I think it’s vital that we point this out so other entrepreneurs, big or small, will not repeat the OPay model only to fail and end up pointing at a bad market. It’s not healthy, for customers and even competitors. Considering the collateral damages that this OPay model has resulted in in the industries OPay has eventually failed, Nigerians are the biggest losers.
It their failure they have learnt. I think that is priceless. They have thought others like me with their failure.
I celebrate their failure as a step forward in deepening entrepreneurship study in Nigeria.
In their failure they have learnt. I think that is priceless. They have taught others like me with their failure.

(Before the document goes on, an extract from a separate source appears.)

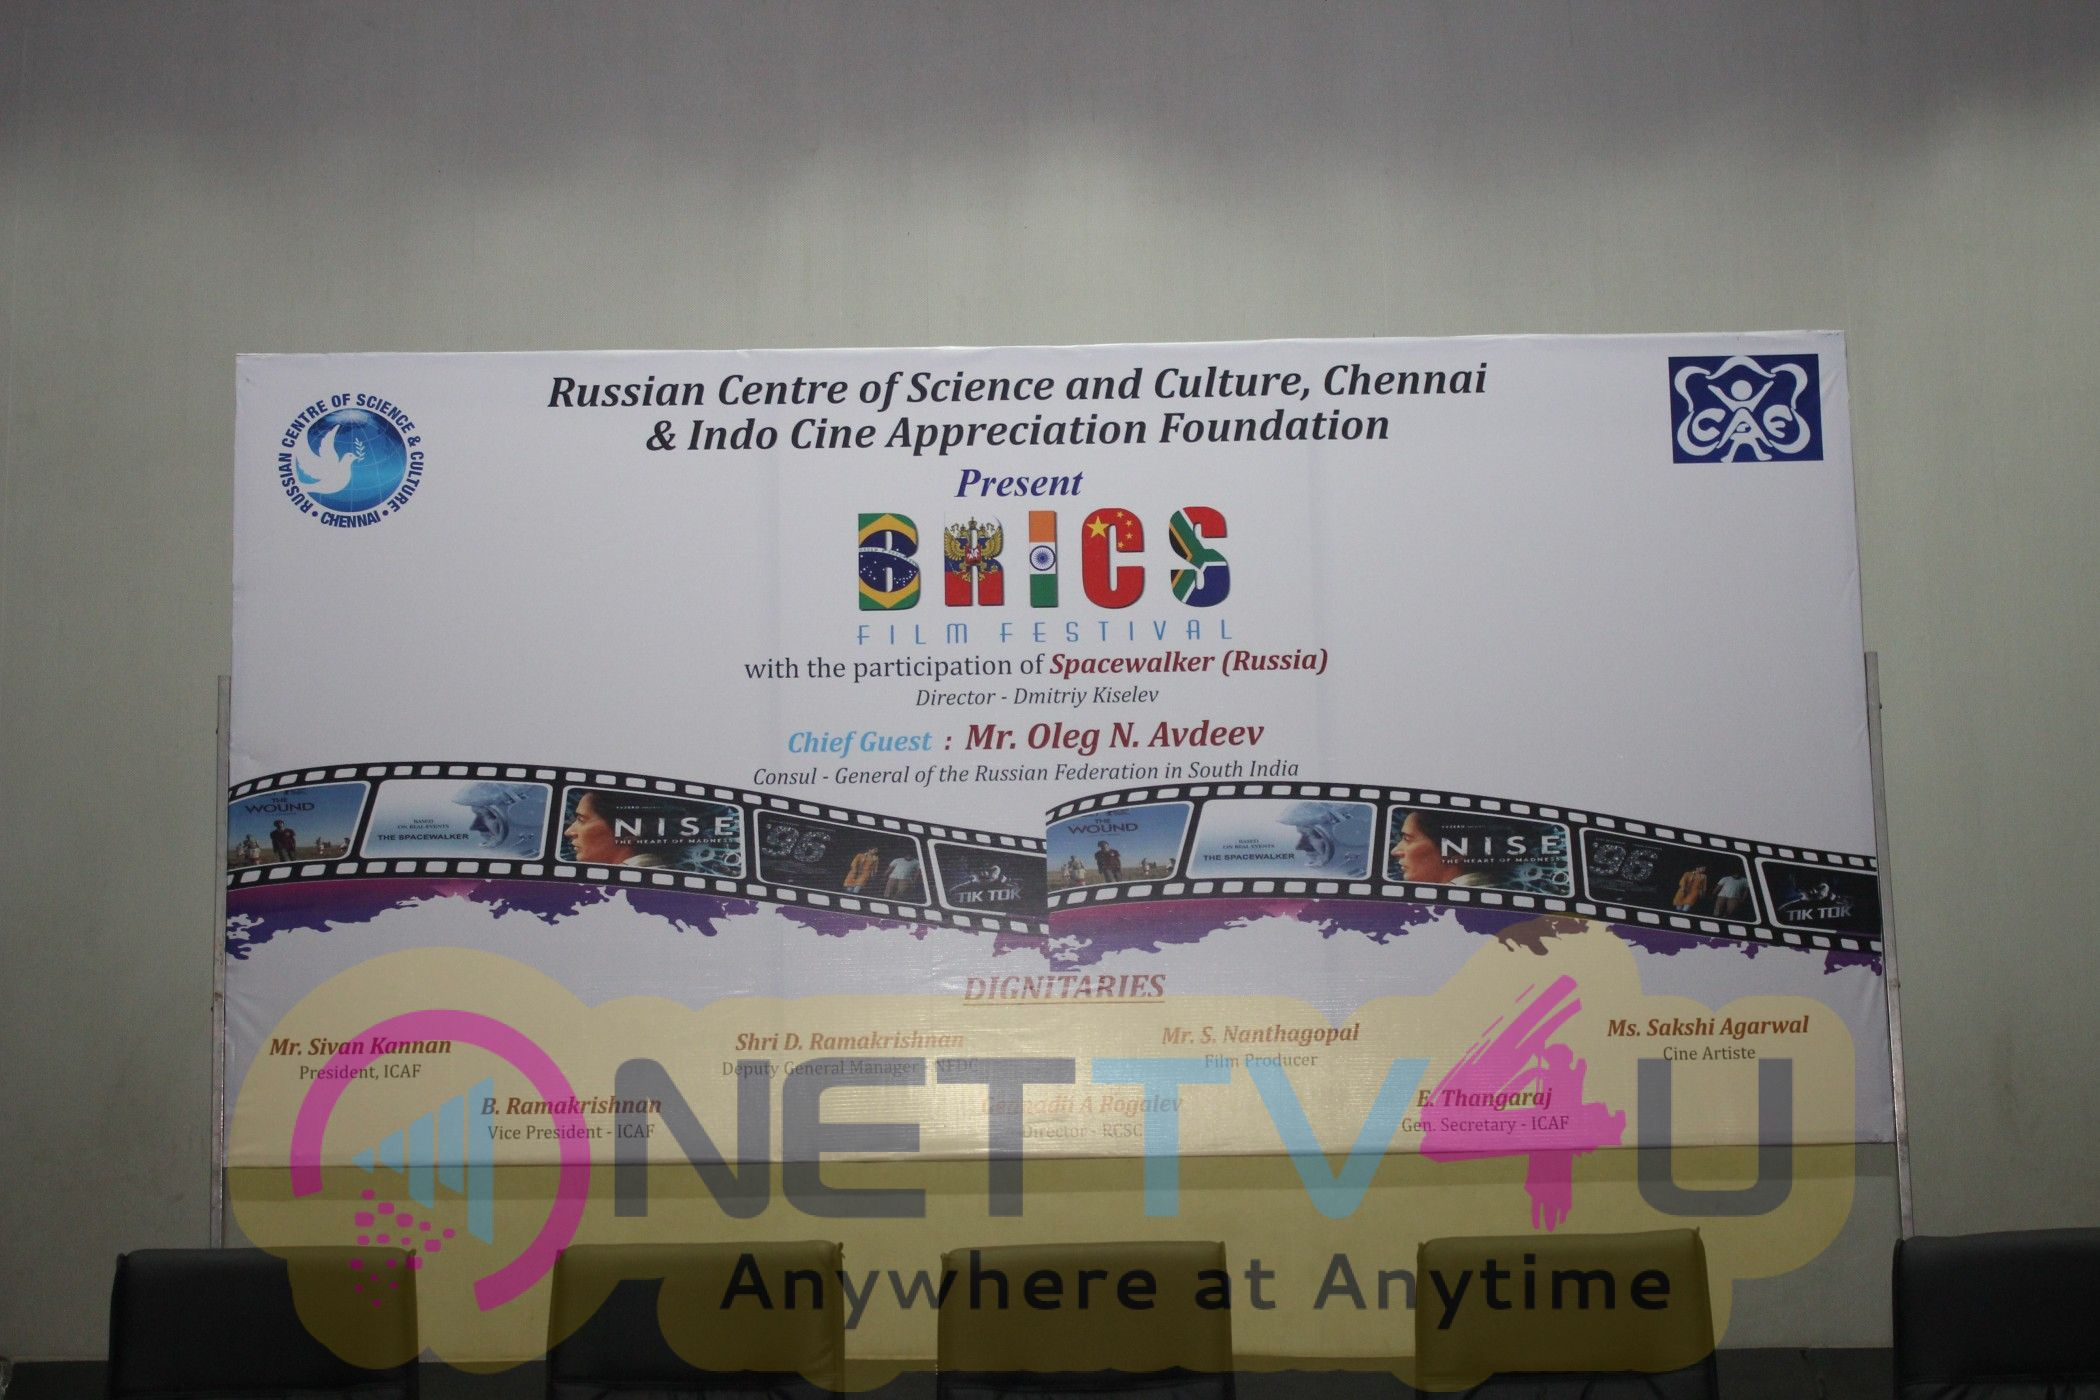 BRICS Film Festival Inauguration Event Images

I celebrate their failure as a step forward in deepening entrepreneurship study in Nigeria.
When doing SWOT analysis in a business plan, you might want to include ‘erratic changes in government policy’ as a threat. We see the effect ever so often.
How they arrive at some of this decisions is quite disturbing and the enforcement is swift. When you factor the fact that we do not have efficient data collection mechanisms for economic planning and policy formulations, it becomes clear that we playing Russian roulette.
How sustainable is okada business? It’s okada ban coupled with the Pandemic that hit hard on Opay not Nigeria as a country. Every nation of the world has challenges. There are many businesses thriving in Nigeria. Business and investments would always come with some risk. Therefore, no excuses and no more blame game. I support their decision to stick to fintech. What also expect from them is useful leverage and partnerships with other business entities. It is well.